Chapter 1 Pre-processing of Microbiome Sequencing Data

Microbiome data can be procured from a multitude of sample types, including skin, the vagina, and the gut. Taken immediately from a sequencing experiment, microbiome data start off simply as a collection of FASTQ reads, each representing different bacterial sequences identified within the sample.

Filtration and clustering of these reads is required to produce a representation of microbiome data that can be effectively used for data analysis. The classic format of these processed data is known as the Operational Taxonomic Unit (OTU) table. These tables group DNA sequences into “molecular operational taxonomic units, clusters of sequencing reads that differ by less than a fixed dissimilarity threshold” (Callahan, McMurdie, Paul, & Holmes, 2017).

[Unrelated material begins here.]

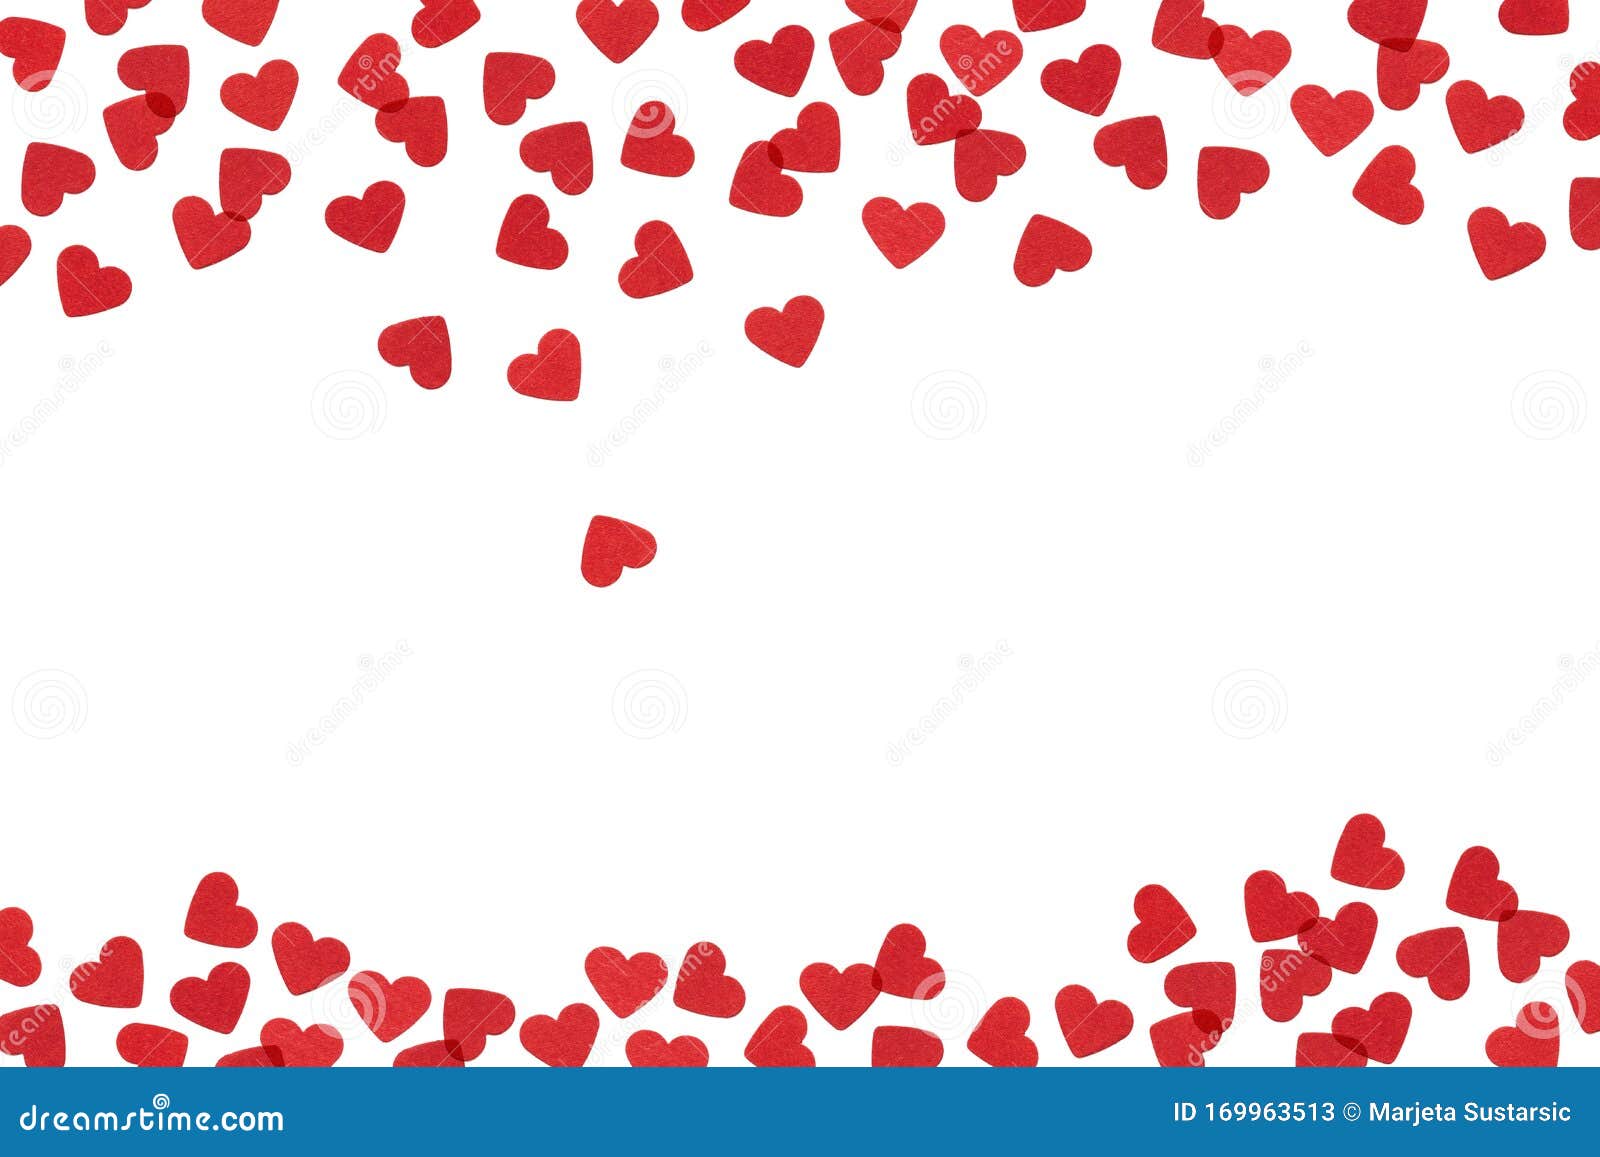 Small Red Hearts on White Background Stock Image - Image of heart, falling:  169963513

Each row in the table represents a sample, each column represents a different OTU, and each value represents the abundance of the specific OTU within the sample. In the past couple of years, new methods have allowed researchers to work with amplicon sequence variants (ASVs) instead of OTUs. ASV groupings can be “resolved exactly, down to the level of single-nucleotide differences over the sequenced gene region,” allowing for improved resolution of processed data (Callahan et al., 2017). The DADA2 pipeline in R can be used to process microbiome sequence data and create an ASV table, yielding “more real variants and output[ting] fewer spurious sequences than other methods” (Callahan et al., 2016a).

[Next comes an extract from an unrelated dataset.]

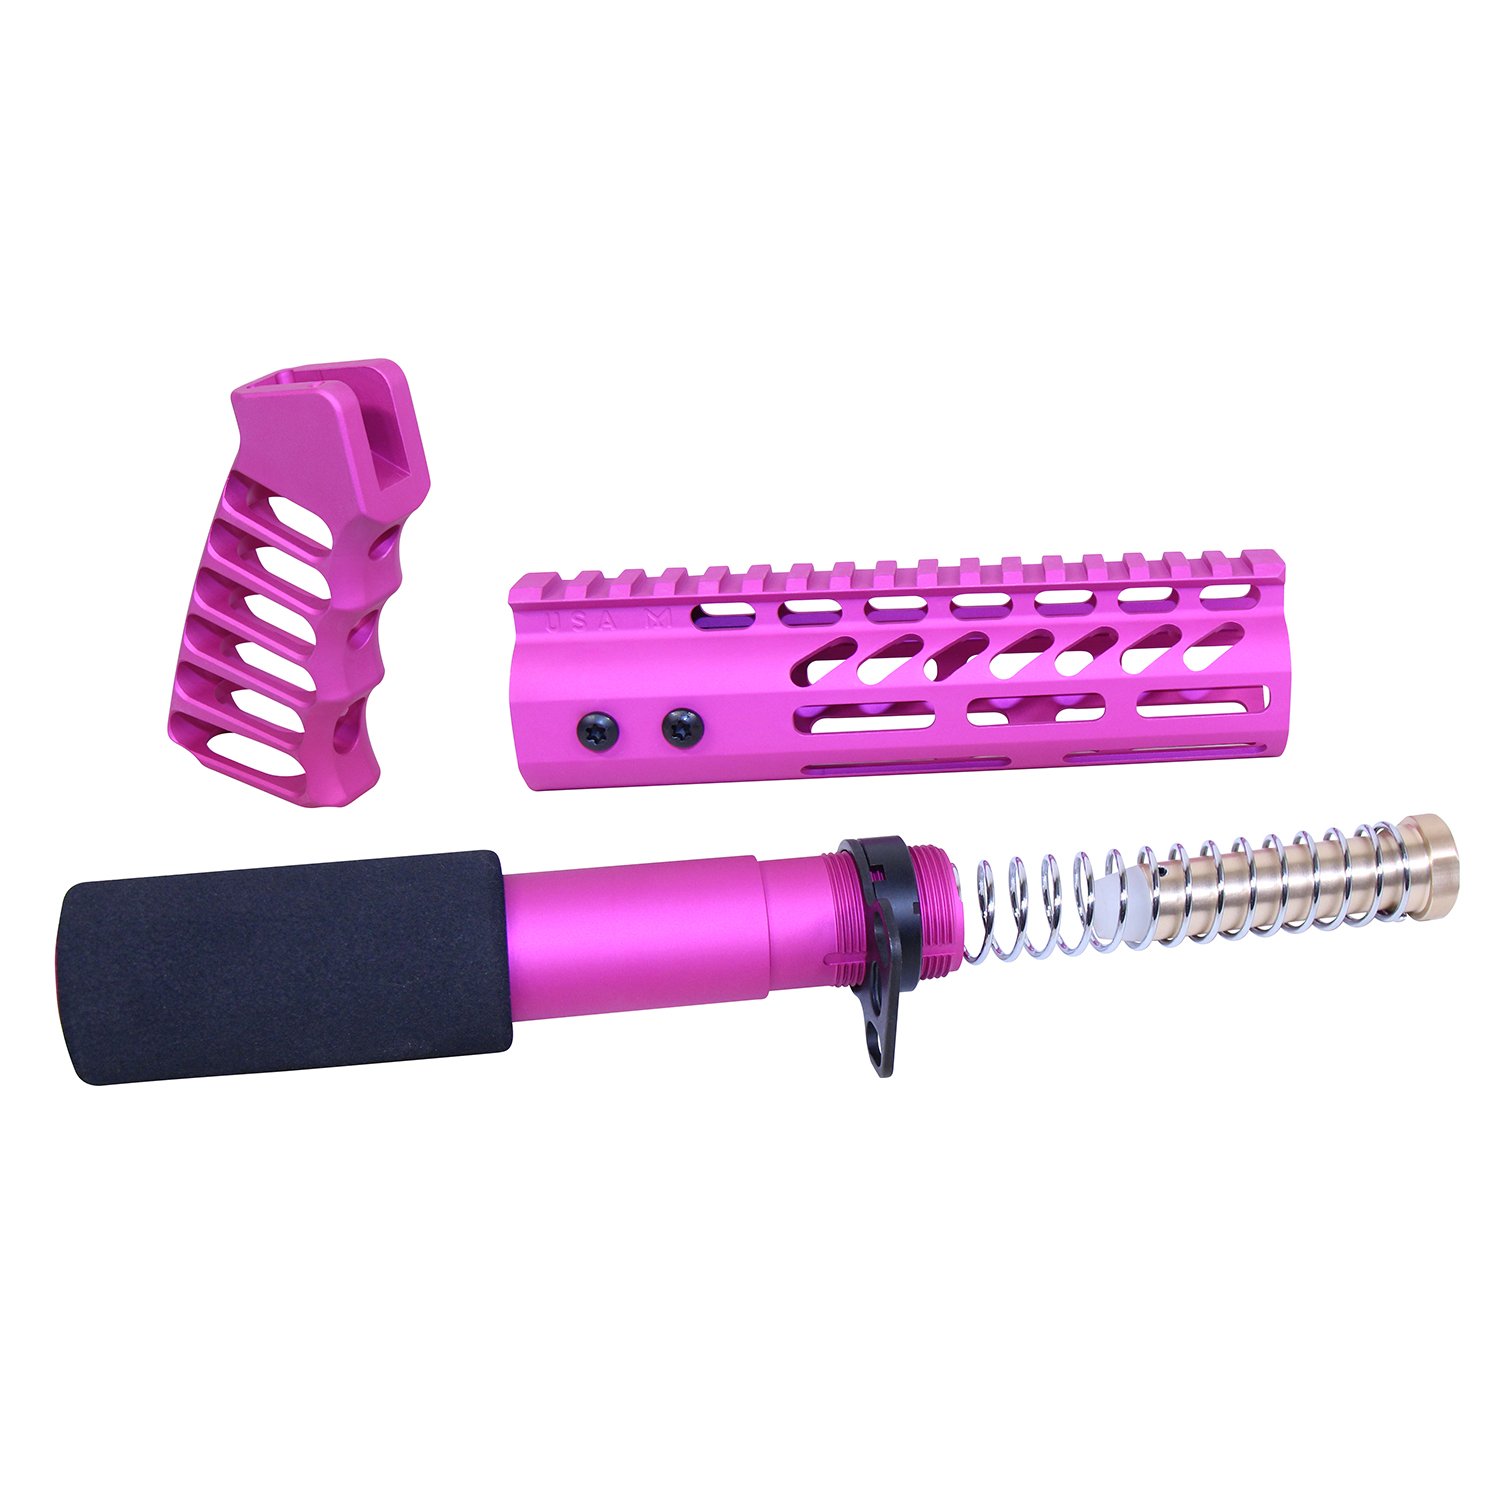 AR-15 Pistol Furniture Set in Anodized Pink

As an exploration of the use of the DADA2 pipeline for the processing of microbiome sequencing data, we used the European Nucleotide Archive (Harrison et al., 2019) to download raw read data from Lozupone et al.’s 2013 study on gut-linked diseases prevalent in HIV (Lozupone et al., 2013). With these data, we applied Callahan et al.’s 2016 paper, “Bioconductor Workflow for Microbiome Analysis: from raw reads to community analyses,” to manipulate the Lozupone sequencing data. Using this pipeline, we visualized the fastq quality scores of our read files (Figure 1.1) to trim our input reads at ideal positions. We also filtered reads through the enforcement of a maximum threshold of two expected errors per read, as done in (Callahan et al., 2016a).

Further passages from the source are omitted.